Notable structures were constructed during this era, including the Banjska Monastery, Sokolica Monastery, and the Saxon St. Peter's Basilica Church, Stari Trg. The Saxon Church in Stan Terg, built by Saxons, underlines the importance of the mining industry during this period in the region.

With the Ottoman occupation in 1389, after the Battle of Kosovo, the fortified town of Zvecan turned into an active military site well into the 18th century, after which it was abandoned. During this time the population settled along the valley of Ibar and Sitnica, founding this way the modern settlement of Mitrovica. Mitrovica probably got the name after the 8th century Byzantine church St. Demetrius which was built near Zvečan Fortress, just above the modern Mitrovica, in honor of Saint Demetrius of Thessaloniki.

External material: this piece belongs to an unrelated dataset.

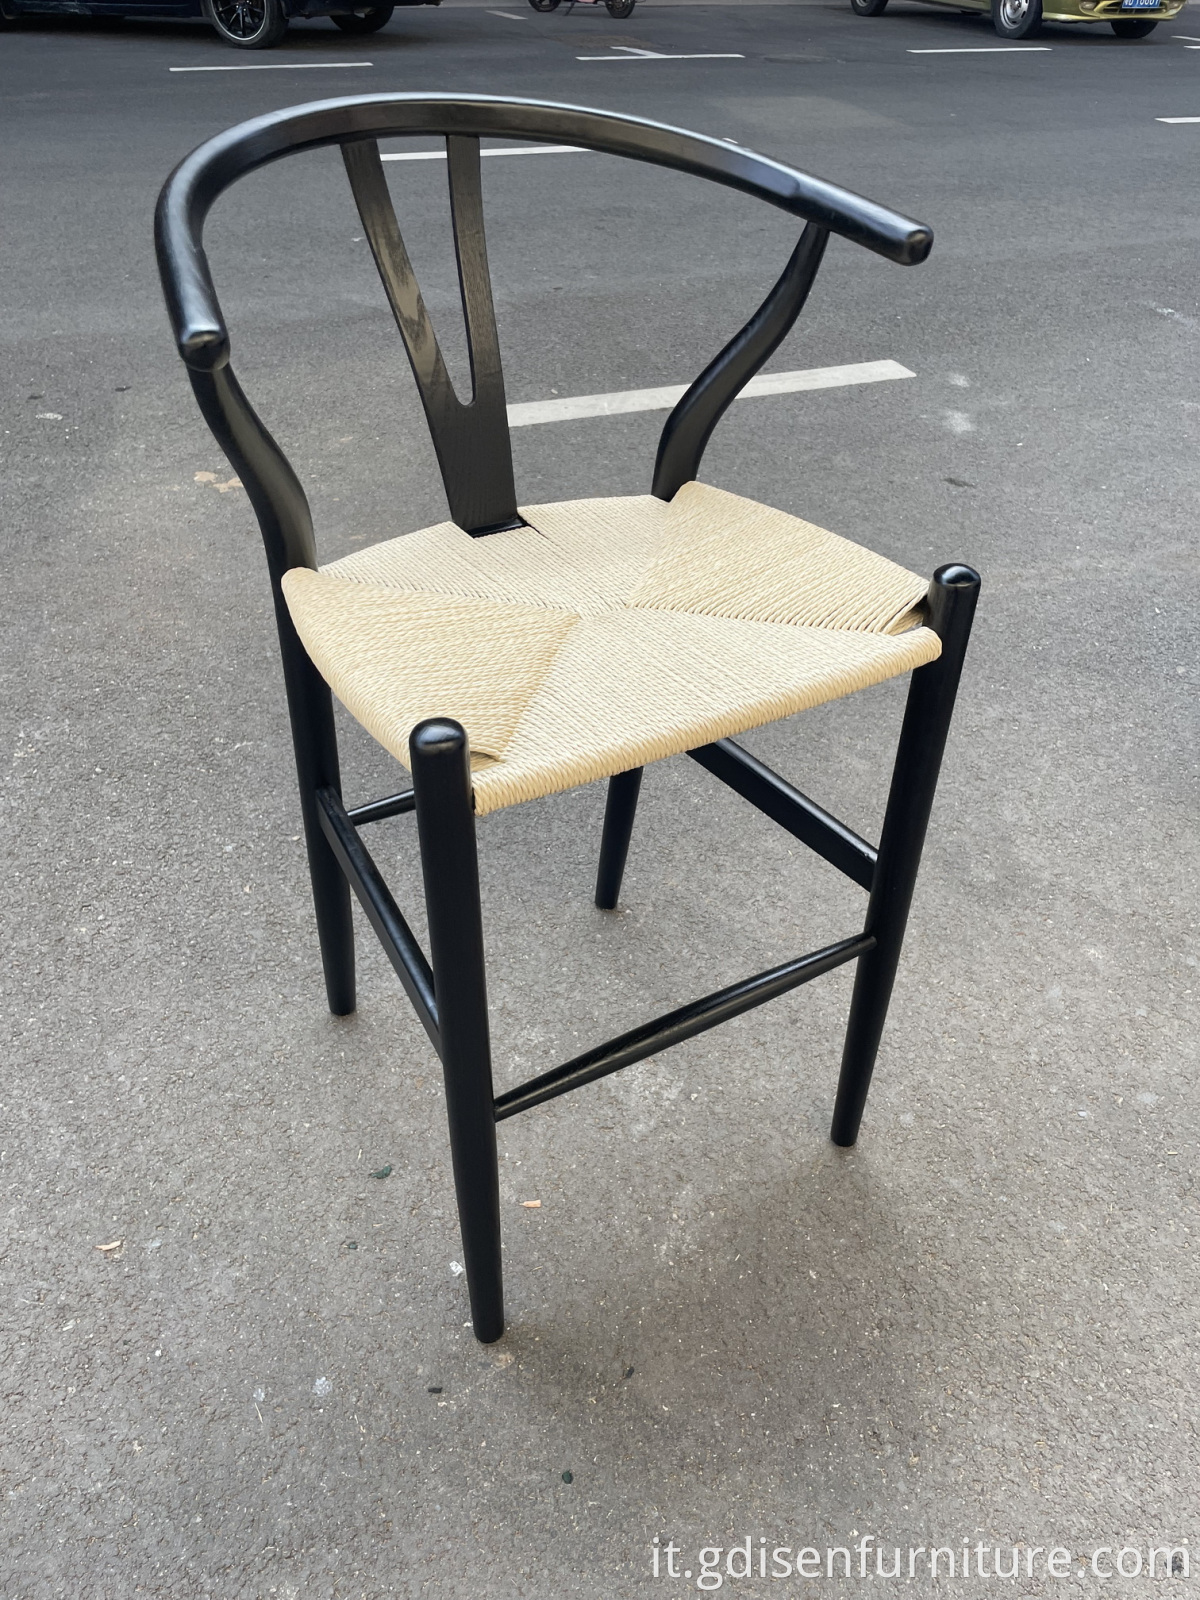 Vendita a caldo Design europeo Mobili da bar Y sedia in legno sgabello in legno massiccio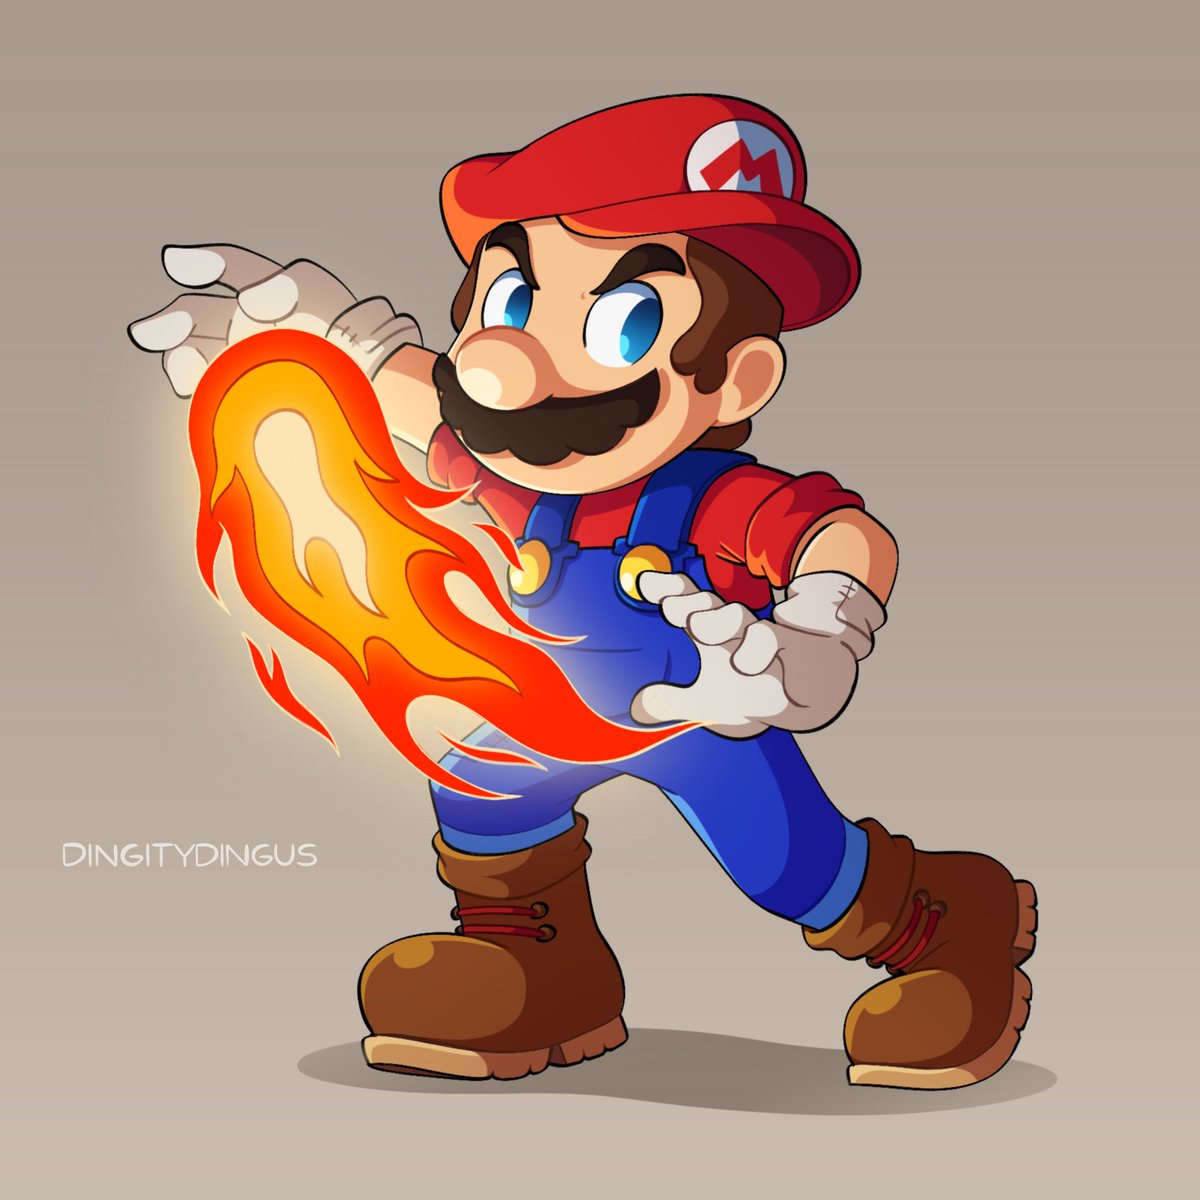 マリオ 「Mario! #Mario #Nintendo #OriginalArt 」|Vinny 🌟のイラスト

Several Roman and Ragusian documents mention the city respectively as Dimitrovica in 1430 and 'De Dimitruic' 1446, while the German traveler Arnold von Harff mentioned the city in 1499 as 'Mitrix.

=== Ottoman Empire ===
Several neighborhoods in the area of Trepča according to the Ottoman defter of the 16th century were Islamised and the other neighborhoods contained people with a mixture of Christian, Albanian and Slavic names. According to Selami Pulaha, the Ottoman defters of 1591 indicate that the area of Trepča in the 16th century had a significant Albanian population, with some Albanian names being combined with other Christian or Slavic names.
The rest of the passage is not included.